JP2024083632A - Vasodilator - Google Patents

Abstract

To provide a novel vasodilator.SOLUTION: A vasodilator contains at least one selected from the group consisting of citric acid and a salt thereof as an active ingredient.SELECTED DRAWING: None

Description

The present invention relates to a vasodilator.

In recent years, the increase in lifestyle-related diseases such as hypertension caused by poor diet, lack of exercise, mental stress, smoking, and genetic factors has become a problem.

Drugs used to treat hypertension have a variety of mechanisms of action, including calcium (Ca) antagonists, which lower blood pressure by dilating blood vessels; angiotensin-converting enzyme (ACE) inhibitors, which lower blood pressure by suppressing the production of angiotensin II, which has a blood pressure-raising effect; and angiotensin receptor blockers (ARBs), which lower blood pressure by inhibiting the binding of angiotensin II to its receptors.

As a composition for dilating blood vessels, for example, Patent Document 1 describes a vasodilator containing as active ingredients at least one condensed tannin oligomer component of a dimer to 13-mer derived from berries, cacao beans, or persimmon fruits or leaves, and at least one organic acid component, in which the condensed tannin oligomer component is a procyanidin oligomer and/or a prodelphinidin oligomer having at least one of catechin, epicatechin, gallocatechin, epigallocatechin, and/or their gallates as a constituent unit.
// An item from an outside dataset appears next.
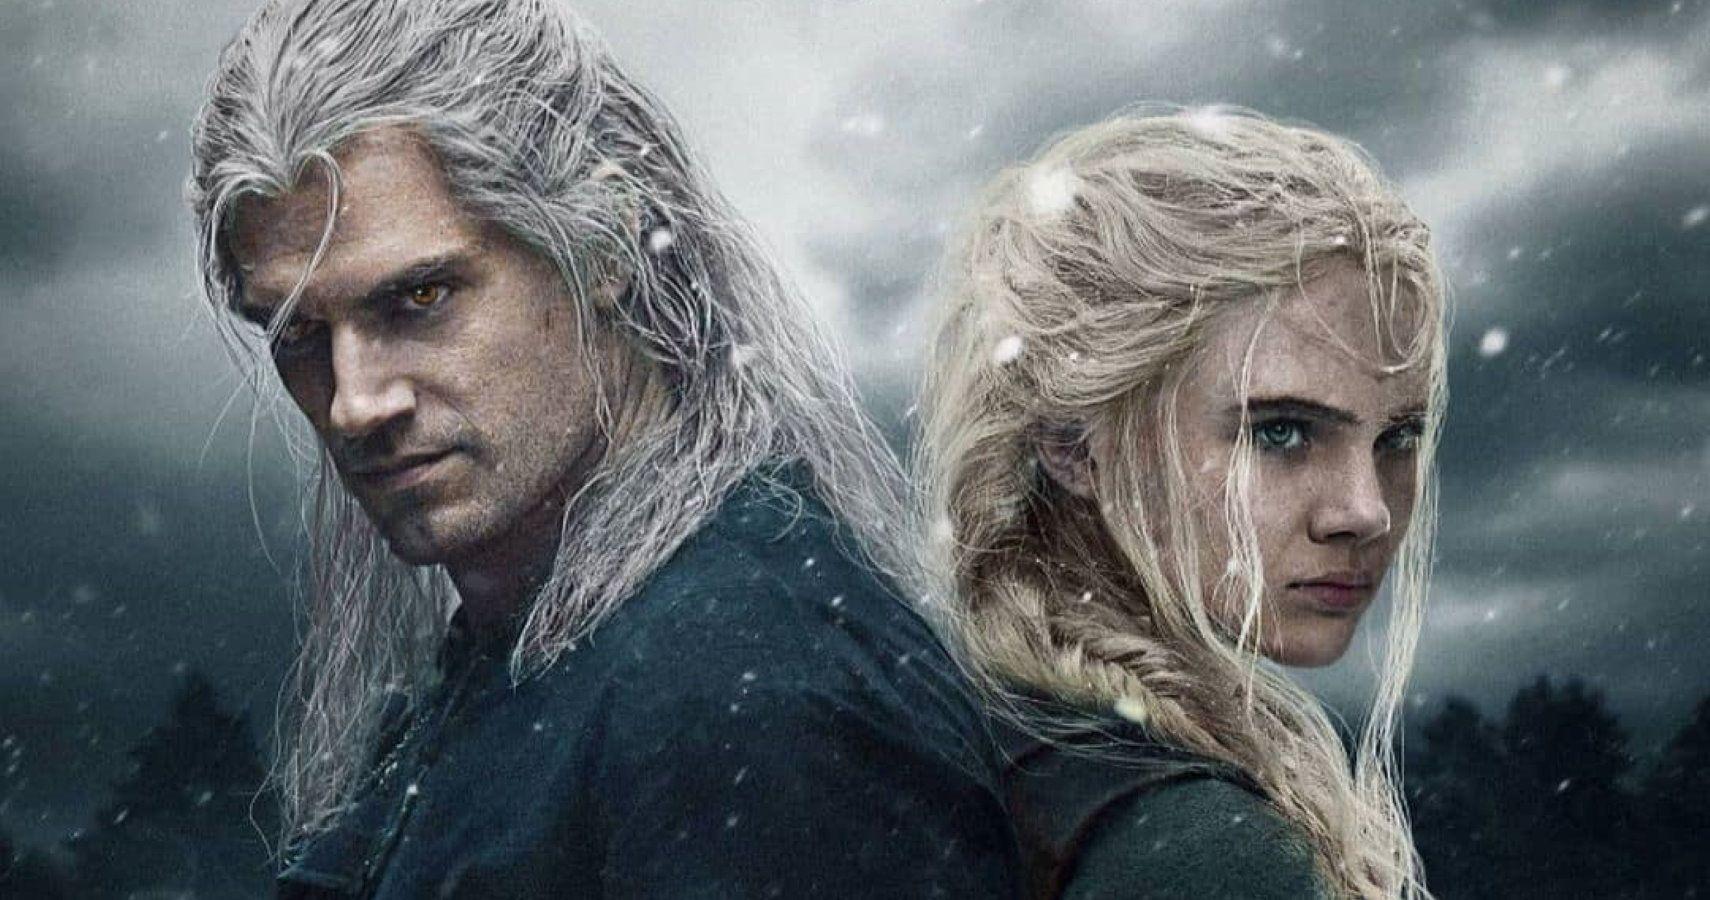 Witcher Coming Soon Netflix 2 - تیزر جدید فصل دوم سریال The Witcher توسط سرویس نتفلیکس منتشر شد

International Publication No. 2010/092941

The vasodilator described in Patent Document 1 is a combination of a specific condensed tannin oligomer component and an organic acid component as an active ingredient, which synergistically improves the vasodilatory effect compared to the case of using only the components alone. Patent Document 1 describes a comparative example in which the vasodilatory effect of citric acid (organic acid component) alone was evaluated using a vascular isometric tension test (Magnus method), and no vasodilatory effect was observed. In the comparative examples in Patent Document 1, the citric acid concentration in the samples was all 100 μg/mL or less. As will be seen from the examples described later, when such a low concentration of citric acid was used in the Magnus method, no vasodilatory effect was observed, so it can be said that Patent Document 1 does not even suggest the vasodilatory effect of citric acid alone.

On the other hand, the inventors have found that citric acid alone exhibits a significant vasodilatory effect. The present invention is based on this new finding and aims to provide a novel vasodilator.
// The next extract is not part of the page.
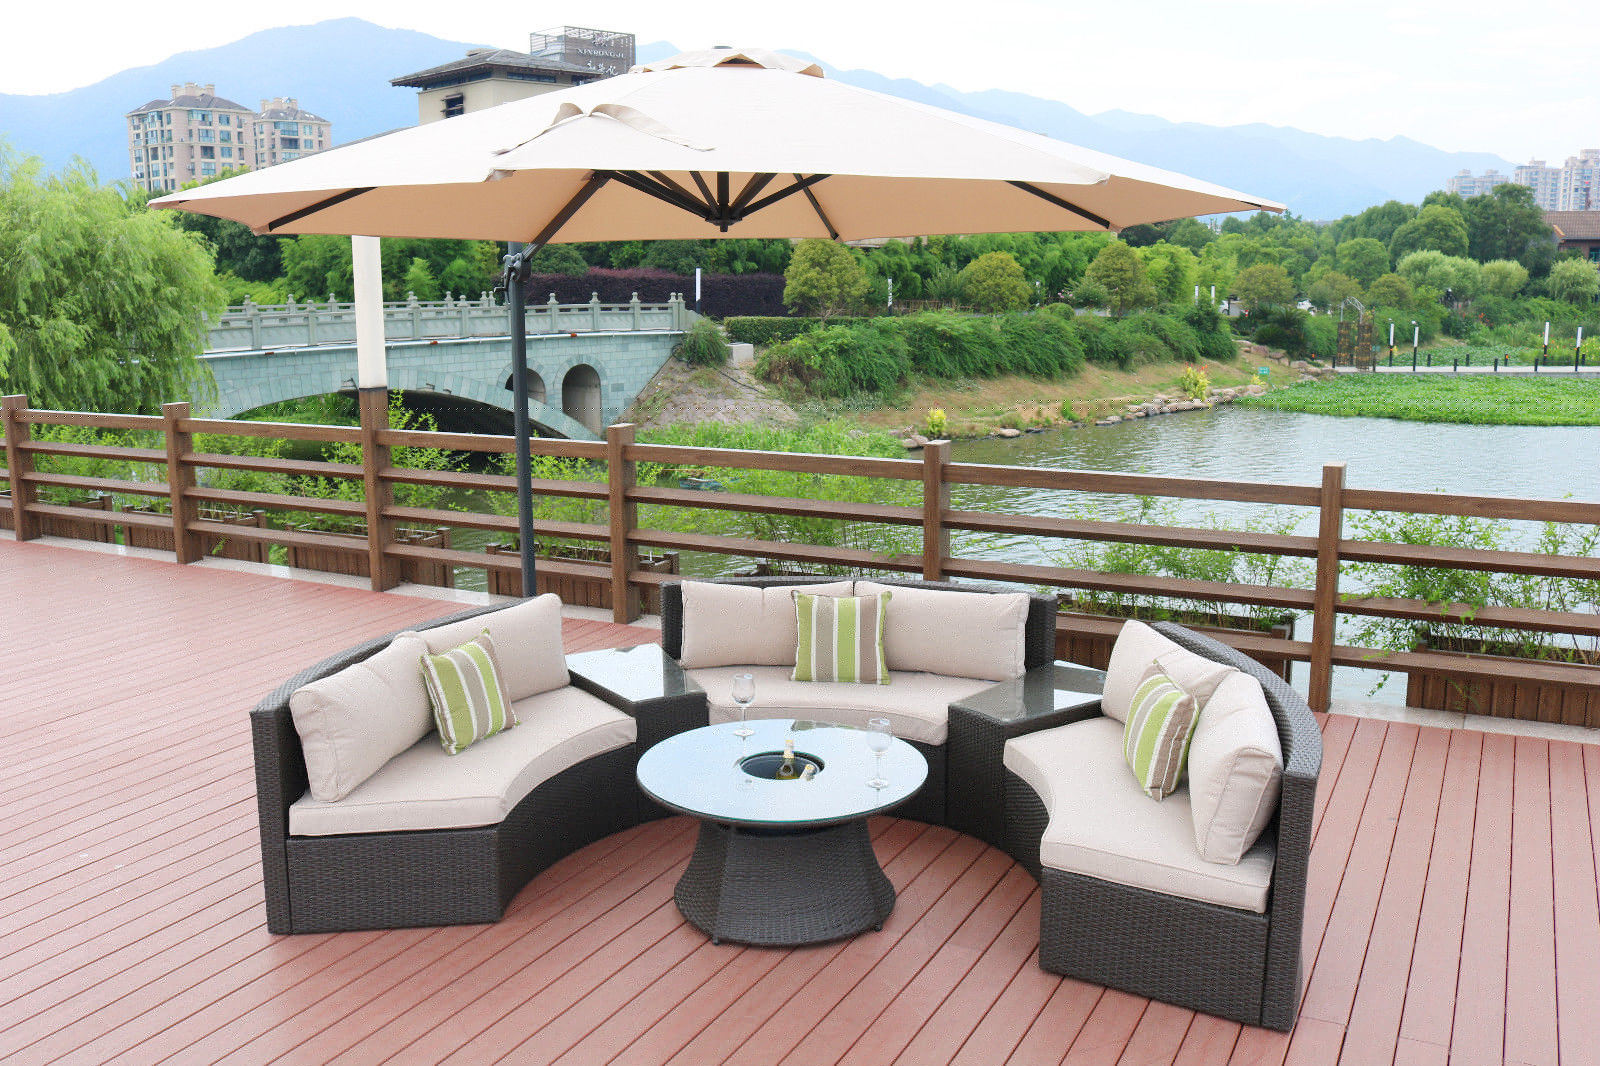 [Hot Item] Update New Design Half Round Outdoor Rattan Sofa Patio Furniture  Garden Sets

The present invention relates to a vasodilator containing at least one active ingredient selected from the group consisting of citric acid and its salts.

The above vasodilator contains at least one active ingredient selected from the group consisting of citric acid and its salts, and therefore exhibits a significant vasodilatory effect.

In one embodiment, the vasodilator may be used so that the active ingredient is orally administered (ingested) in an amount of 600 mg or more per day.

In one embodiment, the content of the active ingredient in the vasodilator may be 600 mg or more.

In one embodiment, the vasodilator may be a vasodilator food composition.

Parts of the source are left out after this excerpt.